Saturday, January 06, 2007

The Death of Saddam

I know this is old news, but there're thoughts that I need to get out of my system.

The death of Saddam. Does he deserve it? I'm pretty sure. Is it going to make a difference in the development of peace and democracy in Iraq and other Middle East countries? Probably not, at least not in the near future.

So what does this accomplish? For one thing, he needs to pay his penalty for his order of torturing and killing of thousands of people. Is his penalty fits the crime? Well, his death is probably less painful than many of his victims, however, I don't think the justice system should get down to his level.

There're people in the world that rejoice in his execution. I'm not one of them. I think his life is a tragedy. And for people who filmed, posted, and watched his execution, what you did make me sick.

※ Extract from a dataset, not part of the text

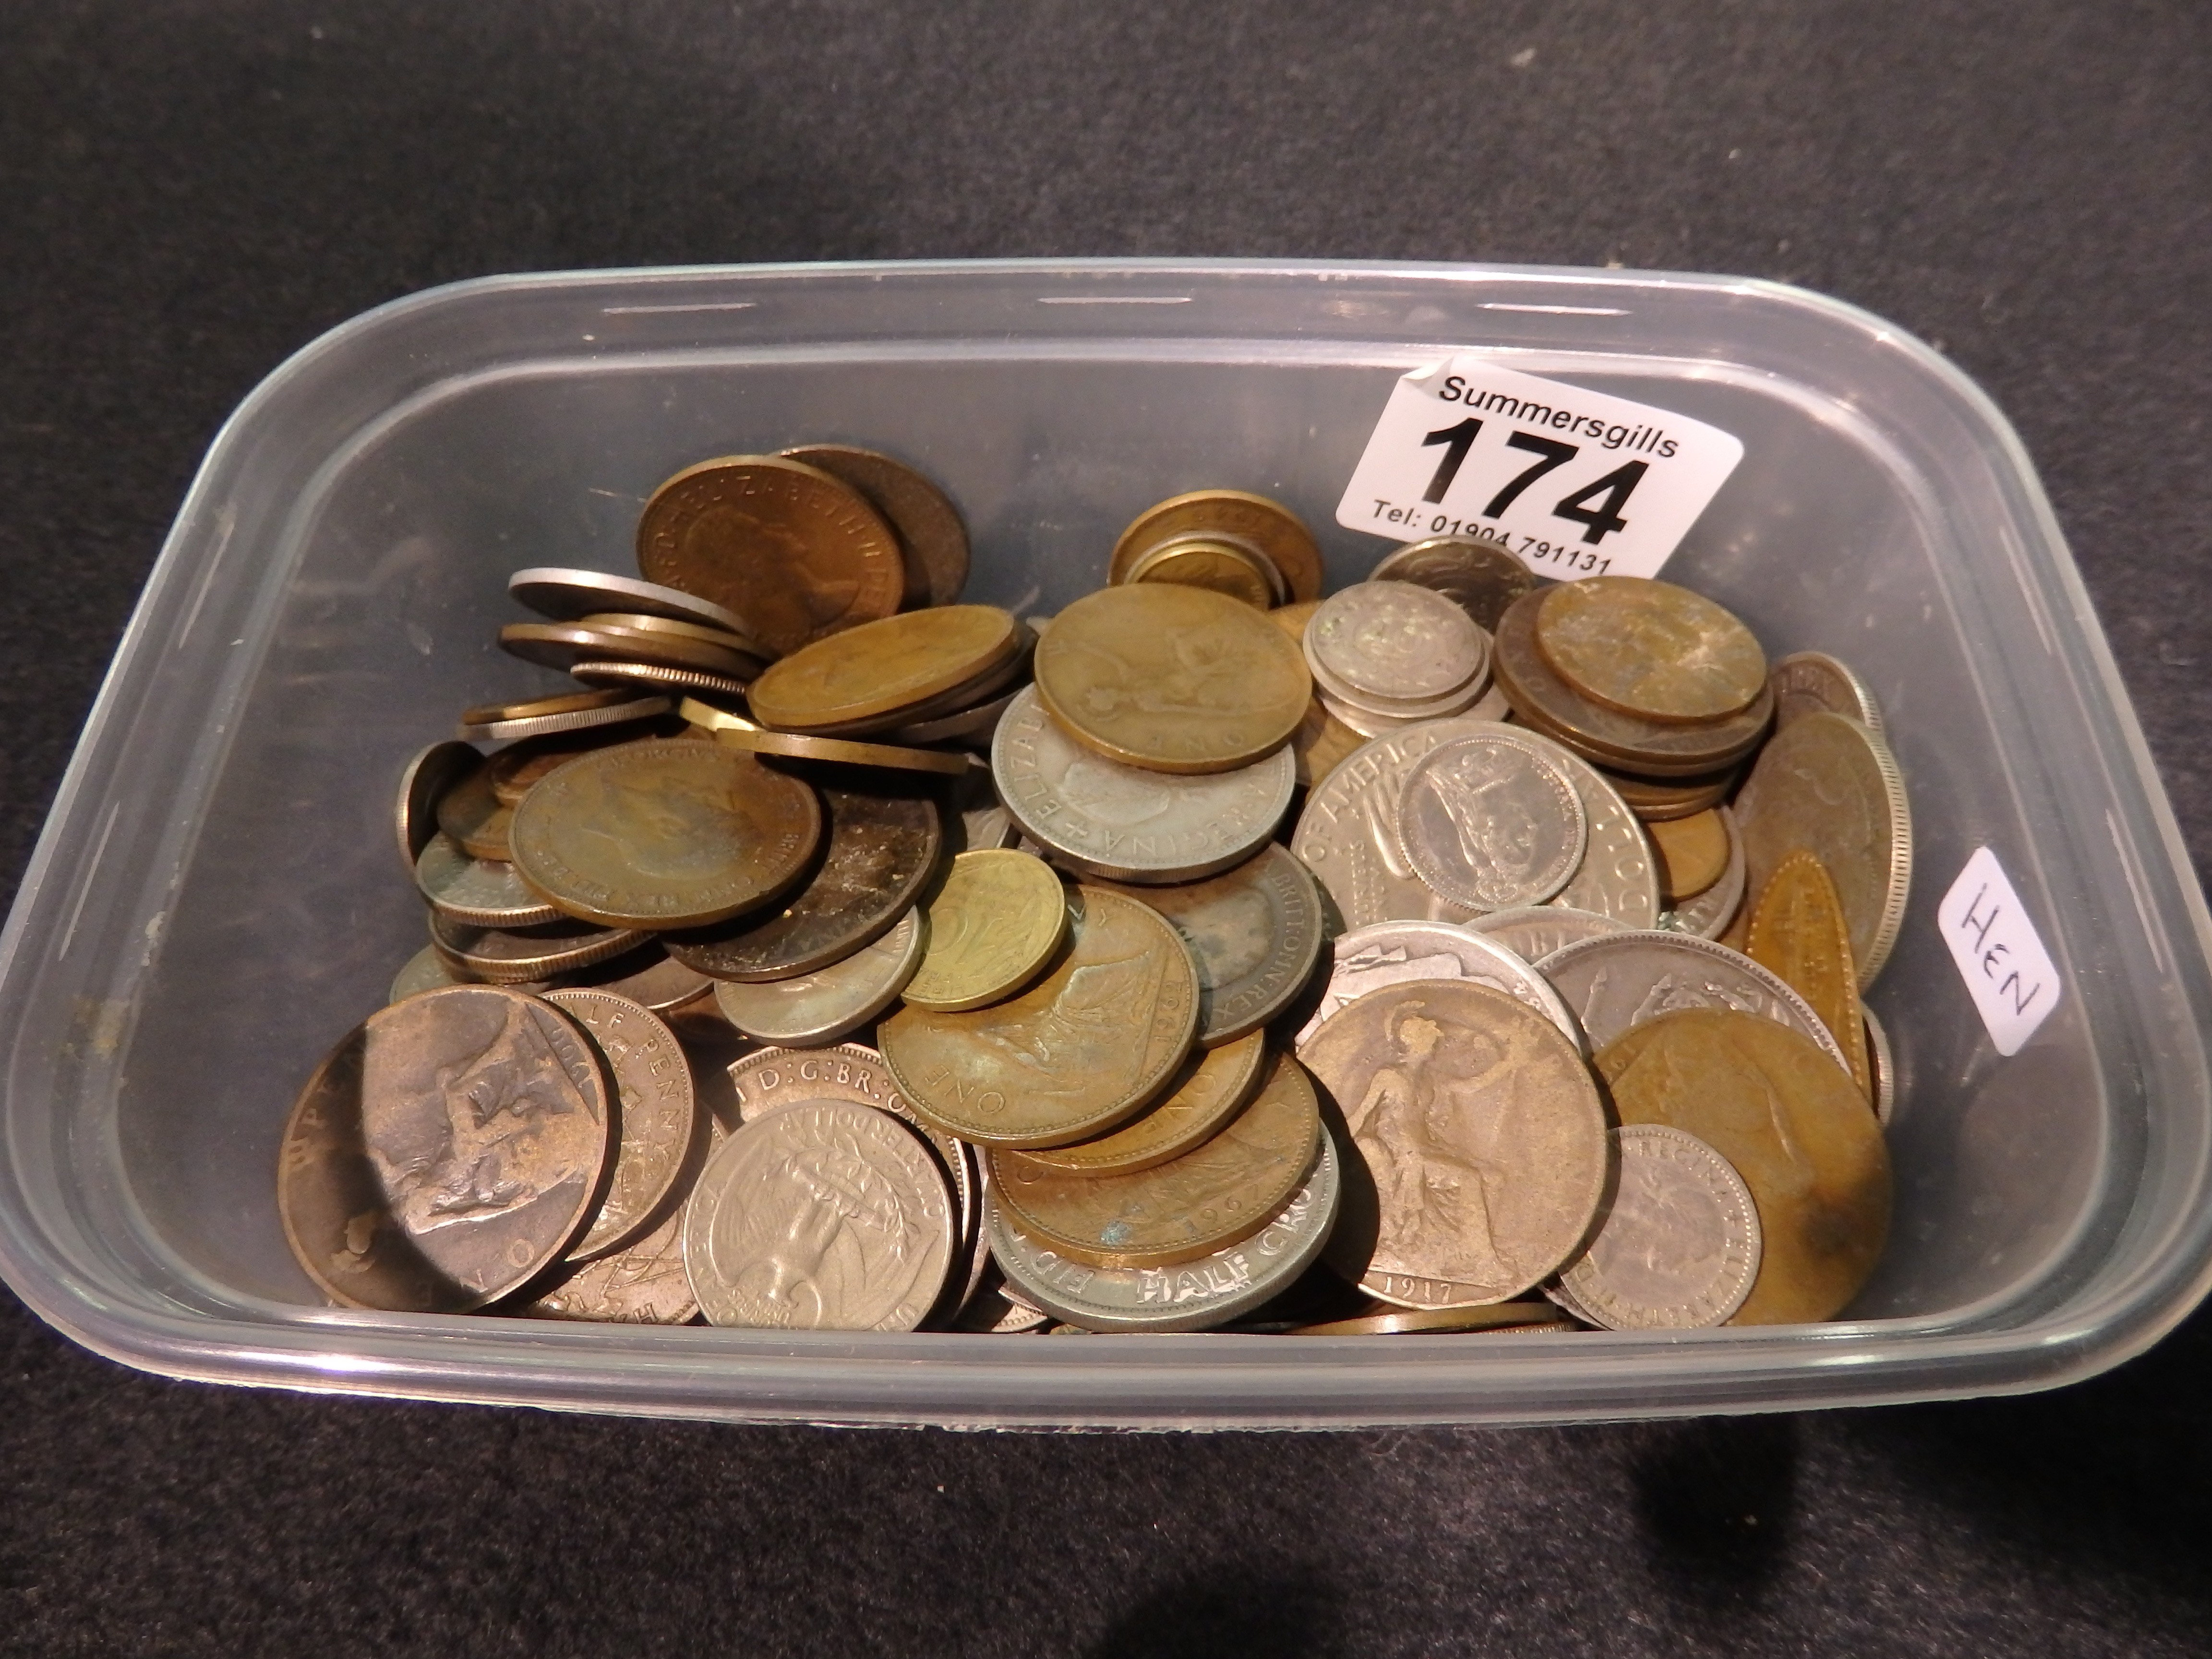 19th and 20th Century British and Foreign coins

I'm sad by the whole thing. I'm sad by what Saddam has done. I'm sad for the people and countries that he so ruthlessly destroyed. I'm sad that there are so much darkness in his life. I'm sad for a life that lives constantly under fear for betrayal. I'm sad for a life that is defined by insatiable appetite for absolute power and hate. I'm sad for the fact that real evil exists in this world. I'm fearful for him for what God's wrath has installed for him.

I wonder if he ever truly loved someone more than he loved power. I wonder if he was born in a different family, or if he has a different life circumstances if he'd be different. I wonder if anyone of us was put in his situation, if we'd turn out the same as he did.

I know "sin" is the correct, but very general answer of why he did what he did. But I'm eager to search for some other answers so that I can believe there's good even in a person like Saddam. I wonder what God's purpose for him was, and how does that going to fit in the whole picture of the human history.

With these thoughts written, my mind is now a little less crowded. A few more adoring looks at my sleeping sweet baby boy and I'll be back to my usual cheerful mood.

1 comment:

Anonymous said...

When I see the death of Saddam, I am reminded of God's Justice and vindication on sin and evil in the world. This is encouraging to me that there is a righteous judge over all evil.